Selon une étude Xerfi, le marché français de l'impression 3D est évalué entre 600 et 800 millions d'euros, avec des débouchés prometteurs dans la réparation de pièces et la construction. La fabrication locale progresse : en 2025, 30 % des PME européennes envisageaient d'internaliser leur production additive d'ici 2026.
Conclusion
Des matières pour l'impression 3D, il en existe pour chaque besoin, chaque budget et chaque niveau d'expertise. Du PLA accessible au titane aérospatial, en passant par les résines de précision et les composites haute performance, la palette ne cesse de s'élargir. Retenez ce chiffre : le marché mondial atteint 34,45 milliards de dollars en 2026 et les polymères en représentent encore près de 45 %. Sélectionnez votre matériau en fonction de l'usage final, de l'environnement de la pièce et de votre imprimante. Chez LV3D, spécialiste français de l'impression 3D depuis 2015, nous vous accompagnons avec des conseils experts et une gamme complète de consommables fiables. Pour explorer nos filaments, résines et imprimantes, rendez-vous sur notre catalogue pour acheter une imprimante 3D en France.
Questions fréquentes
Quelle est la matière d'impression 3D la plus facile à utiliser pour un débutant ?
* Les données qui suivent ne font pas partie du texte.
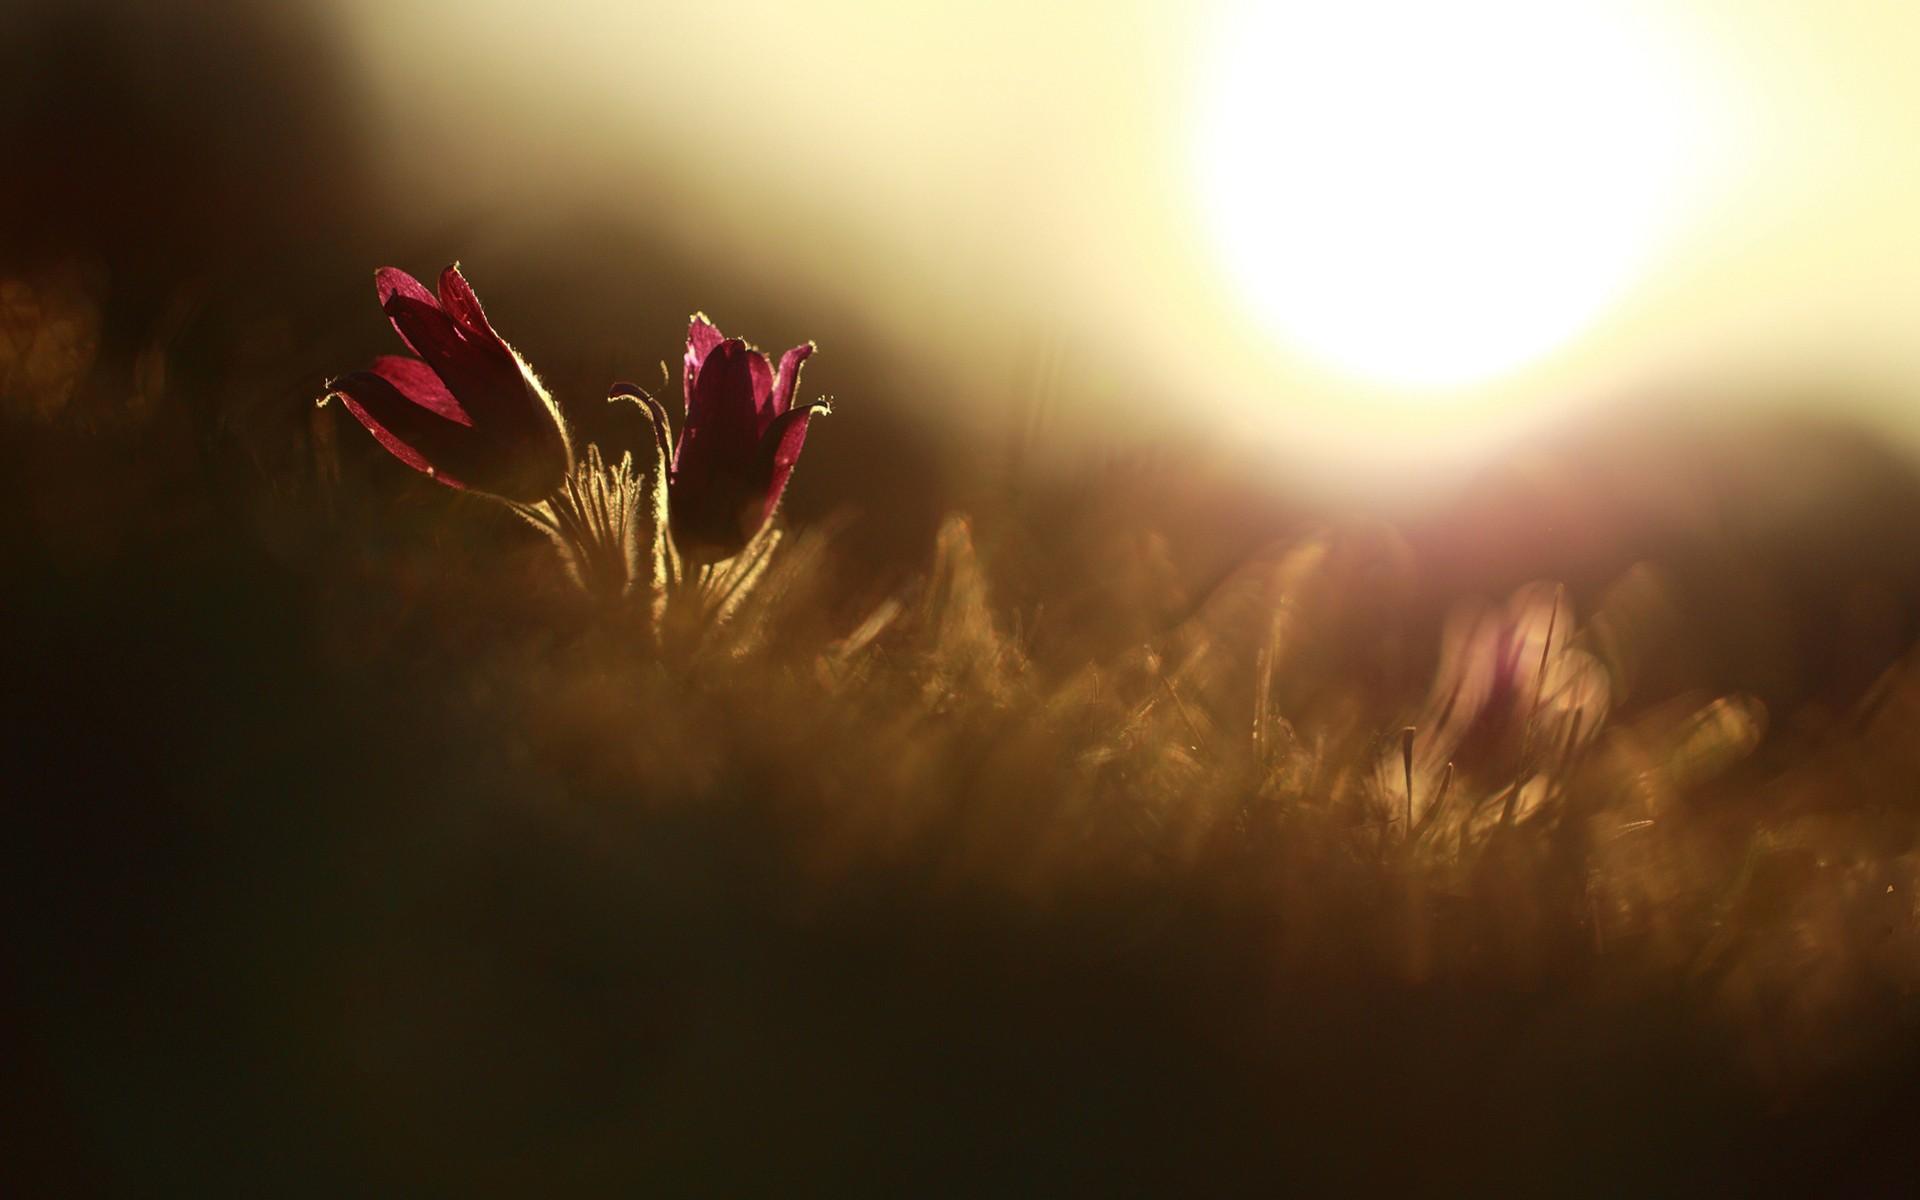 Fantastic Macro Flowers 34768 1920x1200 px

Le PLA est le matériau le plus simple à imprimer. Il ne nécessite pas de plateau chauffant, ne dégage pas de fumées nocives et offre un large choix de couleurs. C'est le point de départ recommandé avant de passer à des filaments plus techniques.
Peut-on imprimer des pièces résistantes à la chaleur en 3D ?
Oui. Le polycarbonate, le Nylon et surtout les polymères haute performance (PEEK, PEI) résistent à des températures élevées, jusqu'à 250 °C pour le PEEK. Vérifiez que votre imprimante supporte ces matériaux. Chez LV3D, nous proposons des imprimantes compatibles avec ces filaments techniques.
Quelle différence entre un filament et une résine d'impression 3D ?
Le filament est un fil thermoplastique solide fondu par une imprimante FDM. La résine est un liquide photosensible durci par lumière UV (technologies SLA, DLP). La résine offre plus de détails et de finesse, tandis que le filament est plus économique et plus facile à manipuler.